Predicting the Climate for the Next 10 years
10 Sep, 2007 02:40 pm
We live in a changing climate. The latest assessment by the Intergovernmental Panel on Climate Change (IPCC) predicts widespread warming by the 2080s in response to man-made emissions of greenhouse gases, with associated changes in heat waves, droughts and floods. But to begin to adapt to climate change we really need to know what will happen in the coming decade or so.
In order to predict internal variability we must employ the same techniques as used in short-term weather forecasting. That is, we must start from the present-day conditions, as measured by observations of the state of the atmosphere and ocean. To predict the weather for the next few days, the present state of the atmosphere is all-important, with the ocean exerting only a very small influence. However, conditions in the ocean generally vary much more slowly than in the atmosphere, with large-scale patterns of sea surface temperature (SST) persisting for months and sometimes years. These SST patterns do influence the exchange of heat between the atmosphere and the ocean, but their effect on day-to-day weather is usually small, and swamped by the chaotic variability of the atmosphere. However, consistently small influences can have a significant effect if applied for a long enough time. This is why climate (ie. the time-averaged weather) may be predictable months or years in advance even though the weather itself cannot be skilfully predicted more than a couple of weeks ahead. Starting from the present state of the ocean is therefore crucial for predicting internal variability for the coming decade. But this is not trivial. Whilst SST is measured reasonably well by satellites, the persistence and evolution of SST patterns is influenced by conditions below the surface, of which there are relatively few observations. It is therefore necessary to extract the most likely patterns of sub-surface ocean temperature and salinity from sparse and noisy observations. Furthermore, climate models are not perfect, and care must be taken to avoid forecast biases arising from model errors.
By the 2080s, global warming is expected to be very much larger than any effects of internal variability. The IPCC projections therefore did not bother with the added complexity needed to predict internal variability, focussing instead on uncertainties arising from unknown future emissions of greenhouse gases. However, on 10 year timescales, global warming and internal variability are both important, with uncertainties in greenhouse gas emissions playing a relatively minor role. In our study (Smith et al., 2007), we developed a system capable of predicting both internal variability and the effects of man-made global warming. We tested our system on past cases, and demonstrated that including predictions of internal variability substantially improves predictions of surface temperature throughout a decade, both globally and in many regions. These tests also showed that the predictions were generally very reliable, with the actual climate consistently falling within the uncertainty estimates of the forecasts. One exception was highlighted by the eruption of Mount Pinatubo, which caused the actual climate to cool relative to our forecasts. This is unavoidable, and we caution that future volcanic eruptions will also cool the climate relative to our forecasts.

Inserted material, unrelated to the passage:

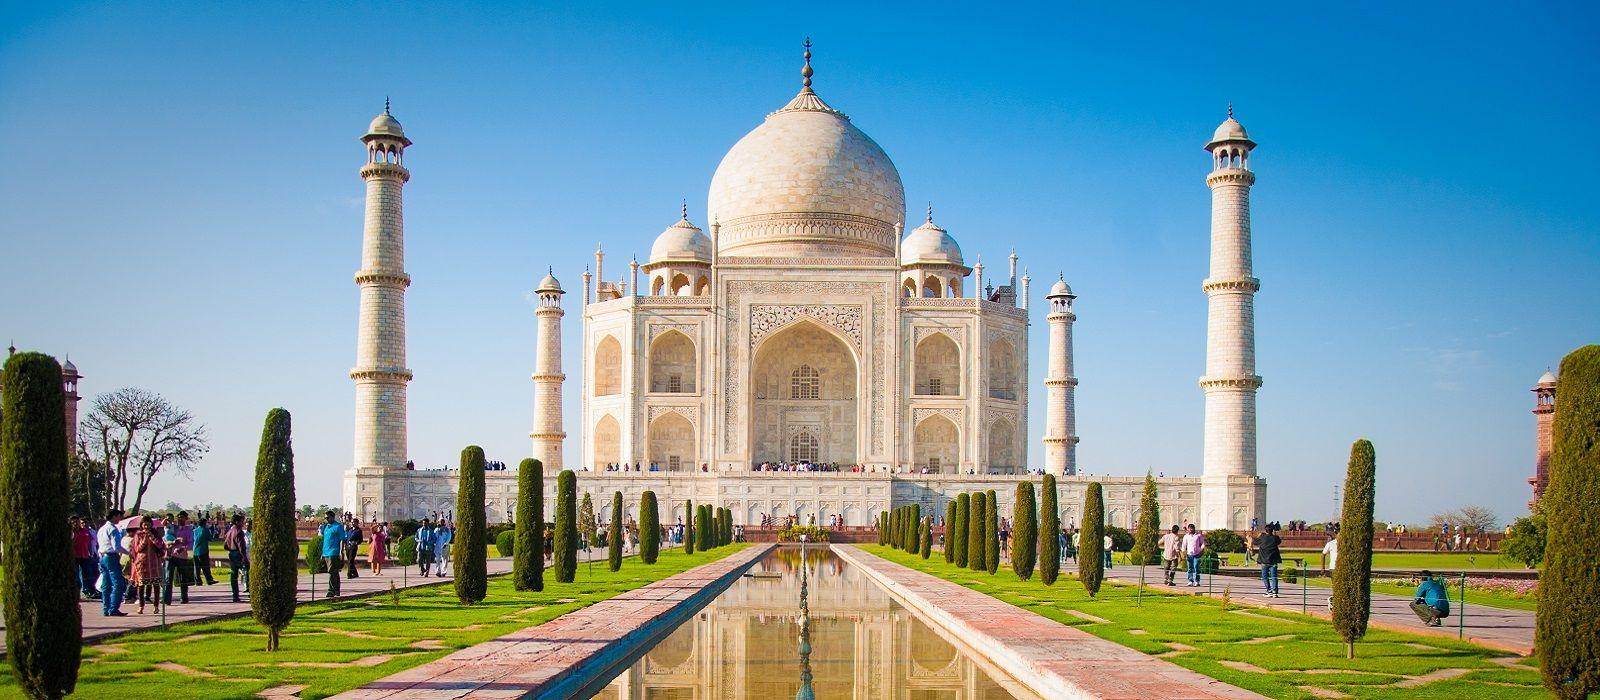 Oberoi Sommerangebot: Royales Rajasthan Urlaub 2
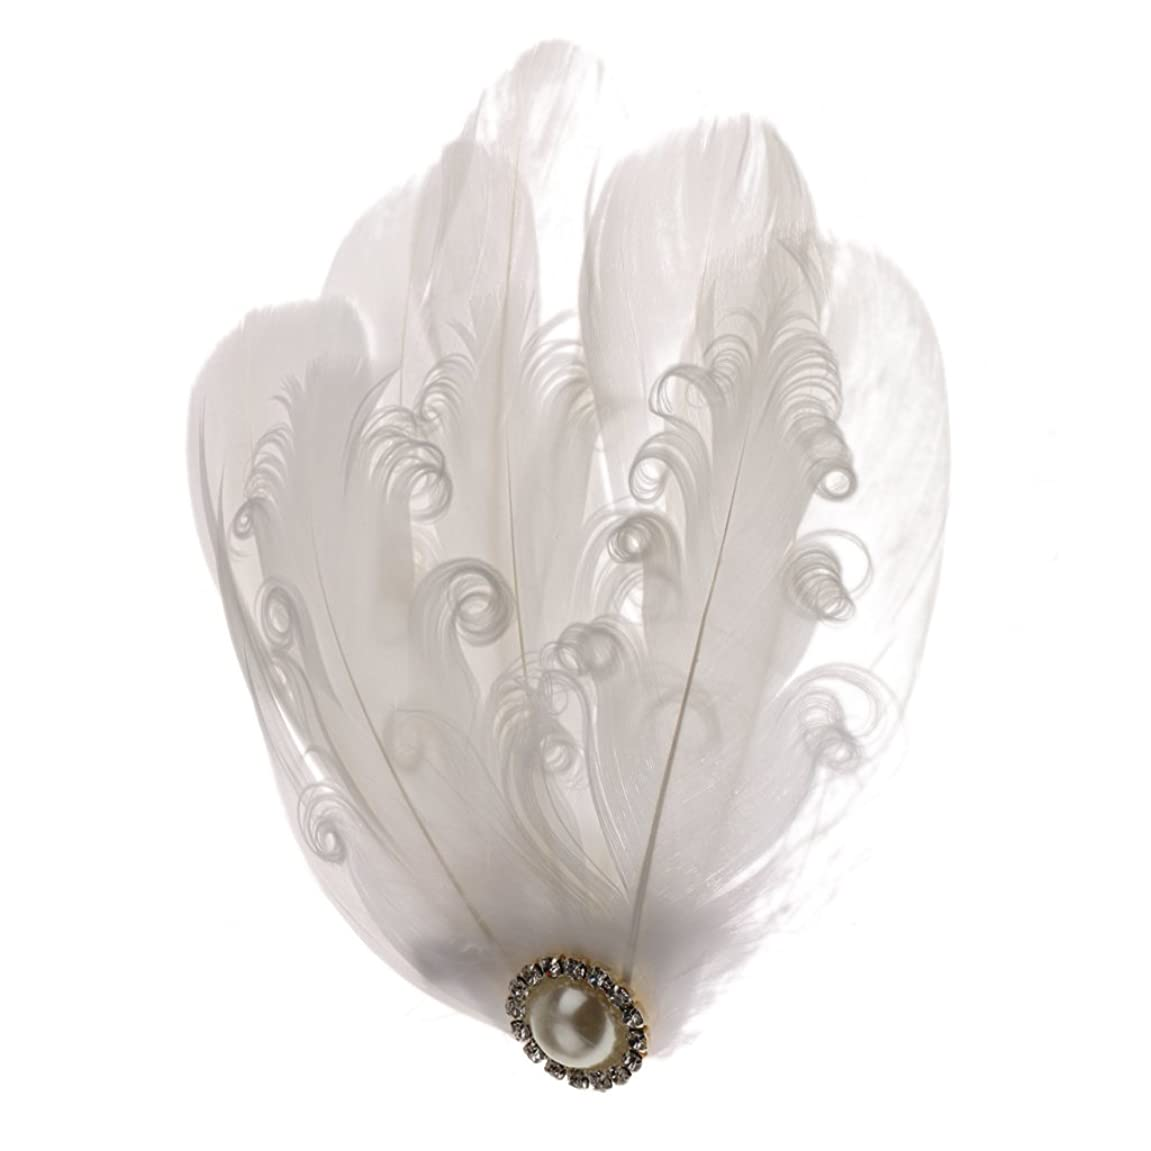 微生物頑丈アコードPrettyia 髪飾り ホワイト フェザー ヘアクリップ ふわふわ  羽根 結婚式 花嫁 装飾 インテリア パーティー ウェディング 髪用

We used our system to make a decadal forecast starting from June 2005. In this forecast, internal variability partially offsets the man-made global warming signal for the first few years. This has indeed occurred during the 2 years since the forecast was made, with relative cooling in the Southern Ocean and tropical Pacific correctly predicted by the new system. However, over the decade as a whole, climate continues to warm, with at least half of the years after 2009 predicted to exceed the warmest year currently on record.
Reference:
Smith et al., Improved surface temperature prediction for the coming decade from a global climate model, Science, 10 Aug 2007, Vol. 317, pp. 796-799
Interesting new results, and a very instructive account of timescale interaction for the non-expert.